DİHA reporter incarcerated for 19 months to remain in jail

İdris Sayılğan who has been in pre-trial detention 19 months ago will remain in jail, a court ruled

KÜLTİGİN K. AKBULUT

24.05.2018

 
MUŞ – The third hearing of the trial against the shuttered Dicle News Agency (DİHA) reporter İdris Sayılğan was heard in the eastern city of Muş May 23, 2018. Sayılğan, who has been in pre-trial detention since October 25, 2016, was unable to appear before court due to a technical failure in the judicial tele-conferencing system that would connect to the prison in the Black Sea province of Trabzon where the reporter is currently held. The 2nd High Criminal Court of Muş, which oversees the trial ruled to continue Sayılğan’s detention, setting October 5, 2018 as the date of the next hearing.

Among other defendants tried as part of the same case, Medeni Işık, an executive of the Mesopotamia Association of Solidarity with Families Who Lost their Relatives (MEYA-DER) was released on judicial control terms. The court, however, ruled to continue the detention of three other defendants still in custody pending trial – Hatice Şeker, the co-President of the Democratic Regions Party’s (DBP) Muş branch, Ayşe Söylemez, the former co-President of the Peoples’ Democratic Party’s (HDP) Muş branch, and Çiçek Tutuş, member of Muş’s municipal assembly. The trial was monitored in the courtroom by P24 and Media and Law Studies Association (MLSA).

Sayılğan’s lawyer Barış Oflas criticized the court’s failure to ensure the reporter’s presence via the tele-conferencing system, adding that it amounted to a violation of the rights of the defense. He also called on the prosecutor to justify why he claimed there was a suspicion indicating that Sayılğan might attempt to escape if freed pending the continuation of the trial. “Sayılğan will continue doing journalism after he will be released. There is no question of an attempt to escape,” he told the court.
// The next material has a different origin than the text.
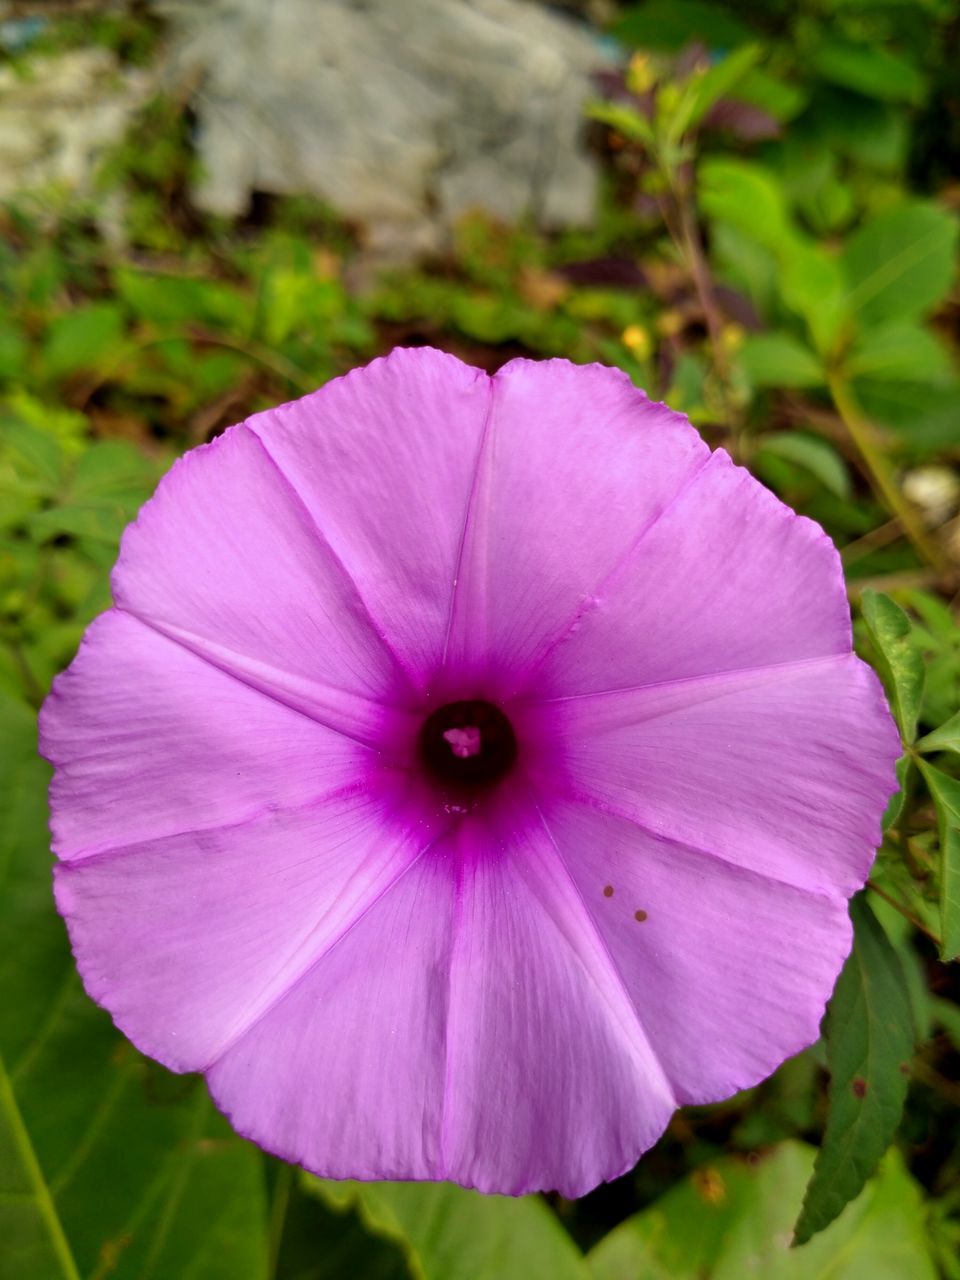 flower, flowering plant, plant, freshness, close-up, beauty in nature, petal, inflorescence, purple, flower head, fragility, growth, macro photography, pink, nature, no people, morning glory, focus on foreground, petunia, wildflower, outdoors, day, magenta, pollen

Lawyer Veysel Ok, who also represents Sayılğan in the case, told the court that the reporter’s continued pre-trial detention was against the European Court of Human Right case law. “You may not like Sayılğan’s reports or the terminology he uses, it may even disturb you. However, what you can do at most is not to read those news articles,” Ok said. OK also noted that the only evidence presented against Sayılğan were recordings with his news sources. Confidentiality of a journalist’s news sources is under the protection of the Turkish Press Law, Ok said.

After the defense statements, the court ruled to postpone the trial to October 5, ordering the release of only one of the five defendants still under custody. October will mark two years of detention for Sayılğan and other three defendants of the case should they still be in prison by then.